OL Learn

Merging pdfs based on name of pdf

Hi - is it possible to take one pdf from a folder and based on the name, look in another folder and merge it with the matching pdf? For example, I have 500 pdf’s in folder A and in folder B i have 1500 pdf’s. I have a folder capture to pick up the pdf from folder A and then a script to get the name of the pdf and then I get stuck because I am not sure how to set it up to look in folder B for that same name and then merge.

Thanks

Hi,

EDIT: This does not work. See my post below for a working solution.

How about a simple Workflow like pictured below? Folder Capture grabs from A, a Run Script for getting the file names should they require scripting due to A/B having different file naming conventions. (The Set Job Infos and Variables was used in my test and sets %9 to Original filename without extension, aka %O. This assumes file names from A/B are identical. If not use your script.)

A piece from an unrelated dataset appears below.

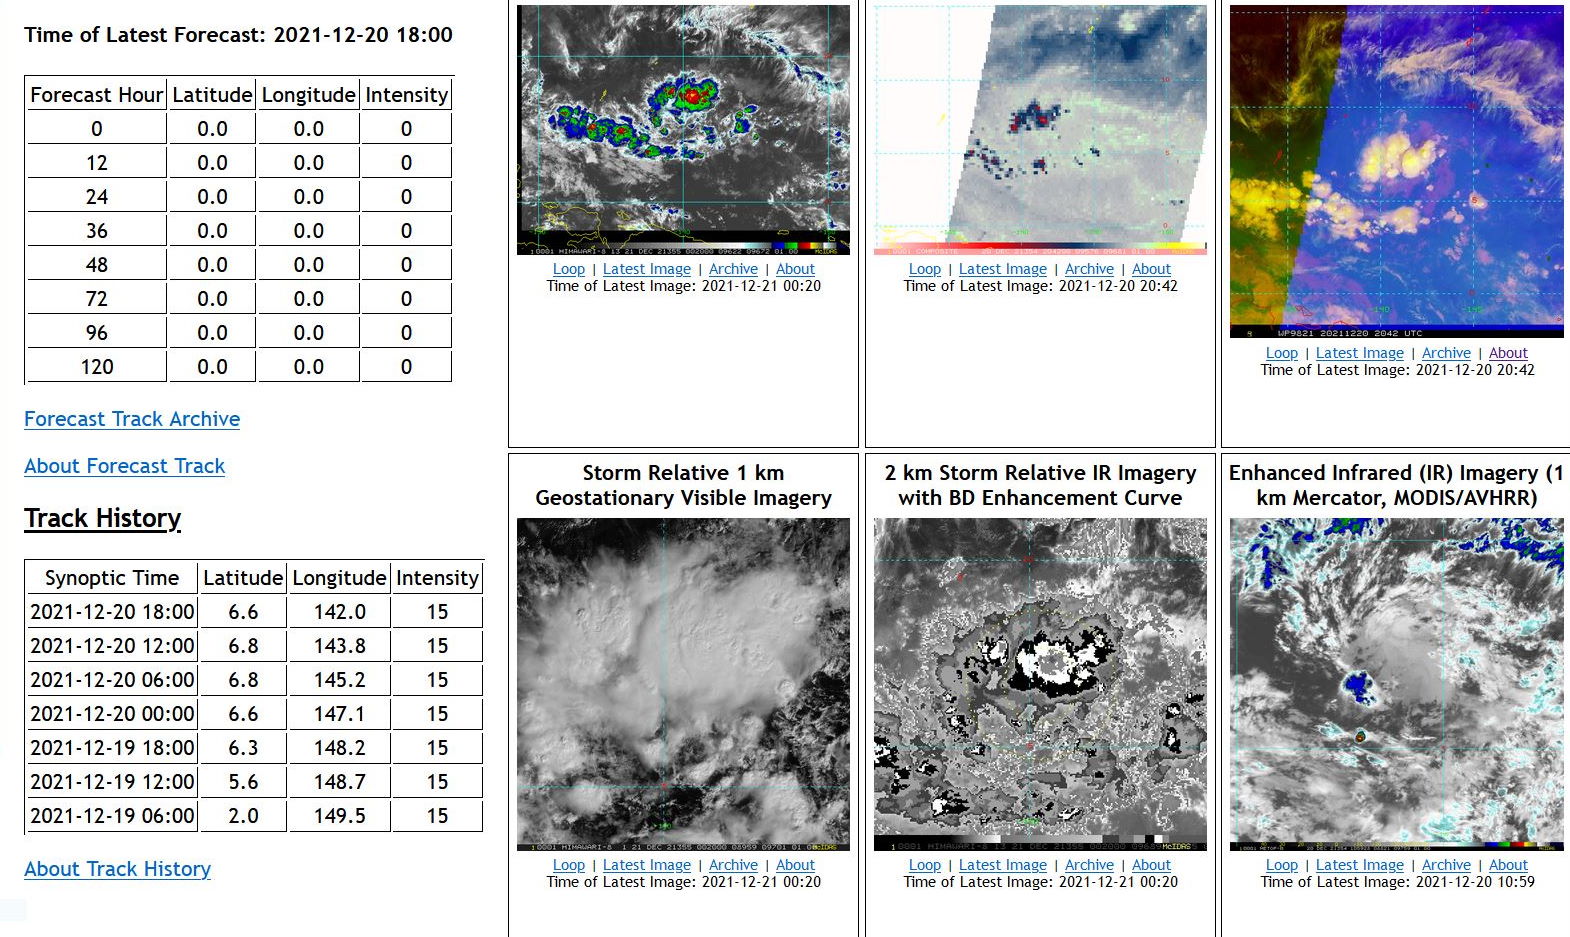 28W(RAI): Final Warning for an infamous cyclone! // Invest 94B: Medium// Invest 98W, 21/00utc
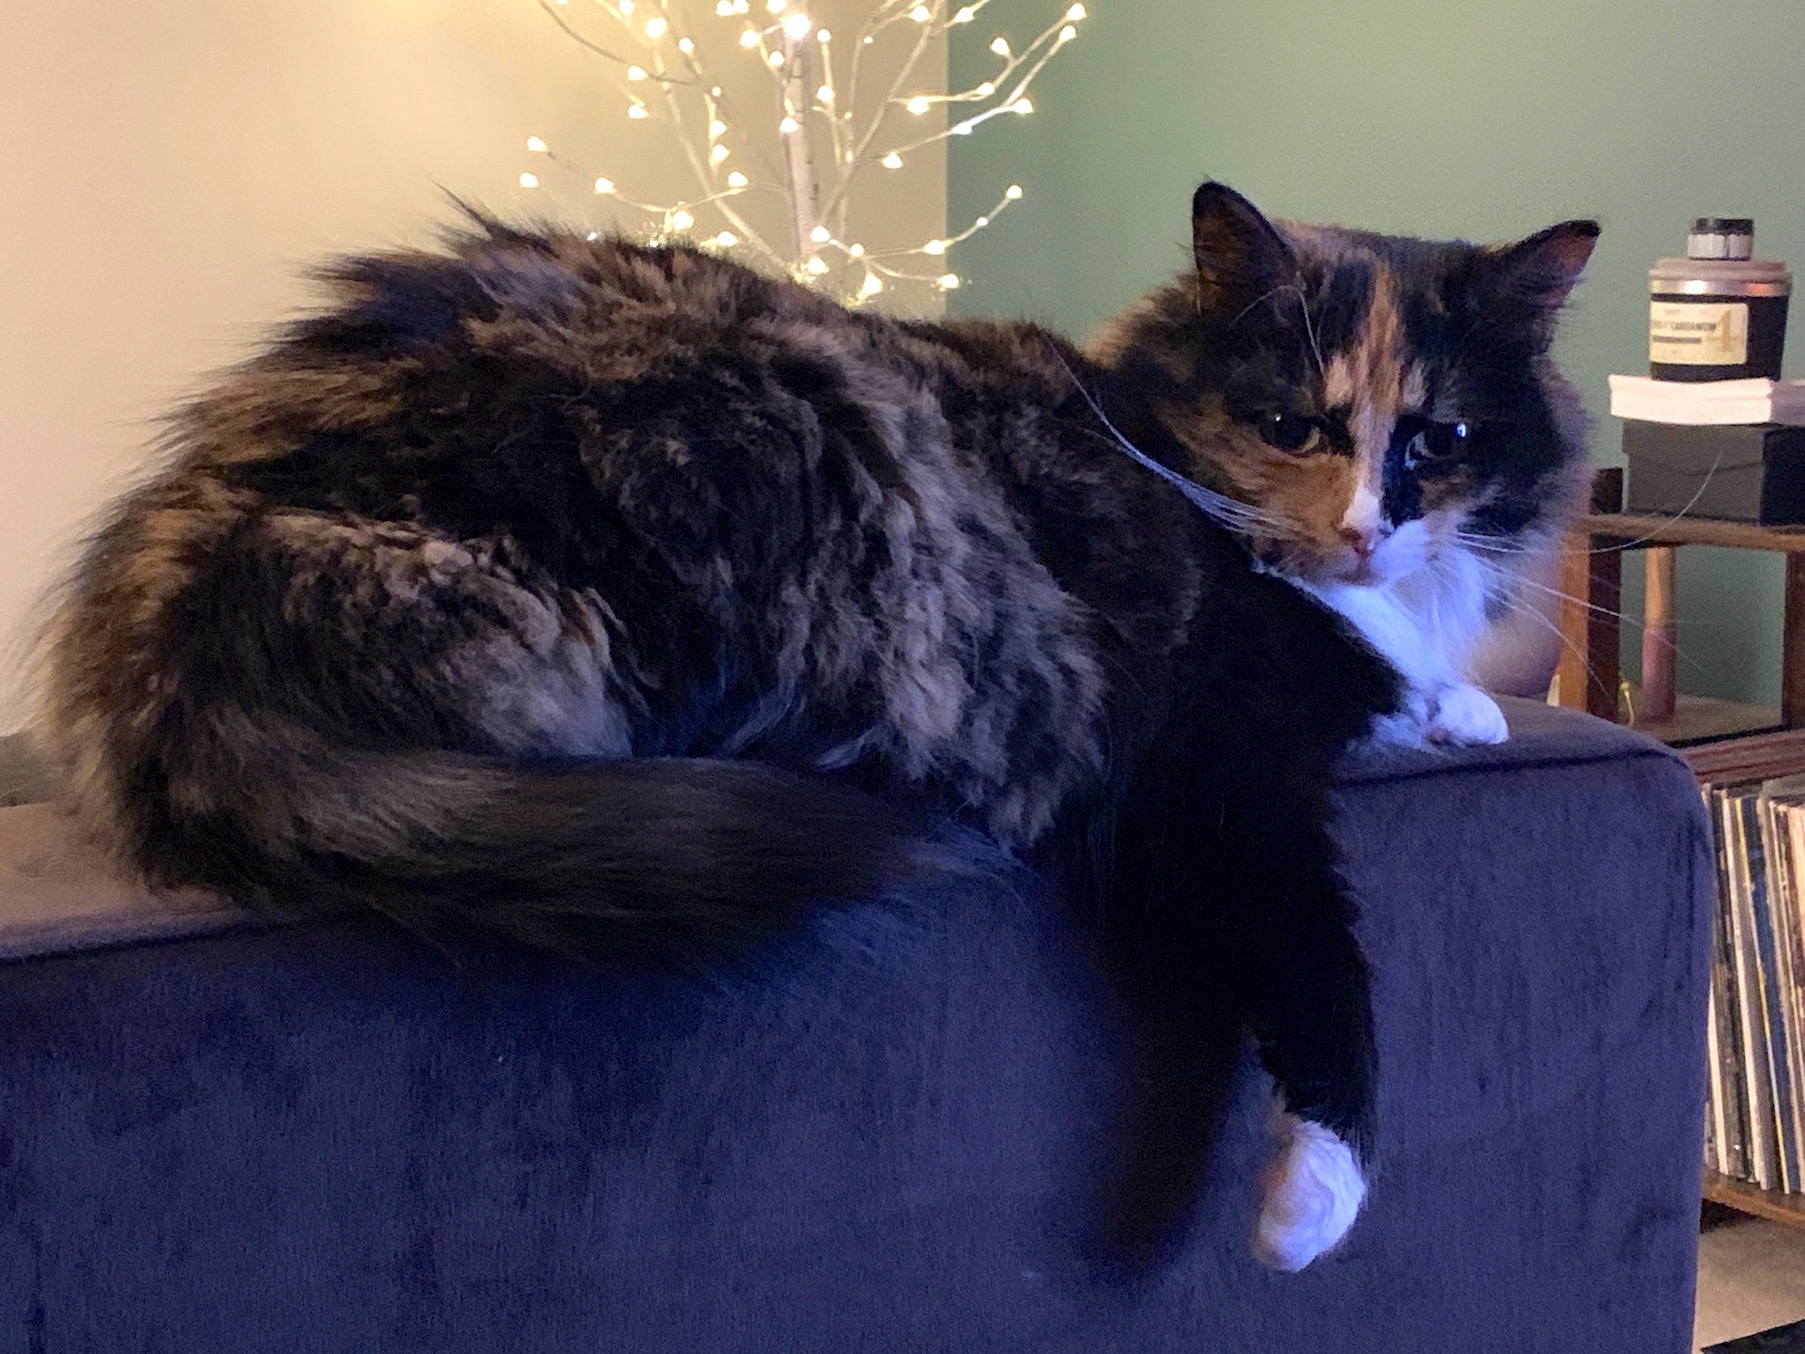 https://www.askamanager.org/wp-content/uploads/2020/10/Olive-on-couch.jpeg

Then branch out and send the file to the Merged folder using a File Name such as “Merged %9.pdf”. Then next another folder capture that grabs files from B folder, gets the name using a Set Job info plugin as before and concatenates the file with the same name in the Merged folder using the same File Name format as above. Be sure to enable Concatenate Files in the final Send to Folder plugin and remove “\014” separation string.

Obviously in my simple sample I’m assuming file names are identical from folders A/B.

screen

(FYI, in my simple test where I assume all files are named the same I could have not used Set Job Info plugins for getting the name. %O would have had it already without setting %9 to that value)

Regards,
S

Sharne
Does a simple file concatenate work to merge pdfs? It didn’t used to in PP7, but I’m prepared to be impressed.

ok - I see where you are going with this. I set my workflow up like yours. The name of the files are similar so I have to use script. No problem. I got to the second folder capture it kept looping through folder b and adding pdf’s to the merge folder. What I need is it to merge/concatenate the two pdf’s that match and then go back up to folder A grab another pdf and move it to merge then go to folder b find the matching pdf and move it to the merge folder and then merge/concatenate and so on.

Thanks

Hi Stuart,

When using ready made PDF’s, yes a concat works fine. IIRC it did too when I used PP7.

Regards,
S

Hi ahaddad,

I simply tested it quick in debug/Workflow. I can check it again in the morning. That is if someone does not already have a solution. There are a few ways this can be done I’m sure.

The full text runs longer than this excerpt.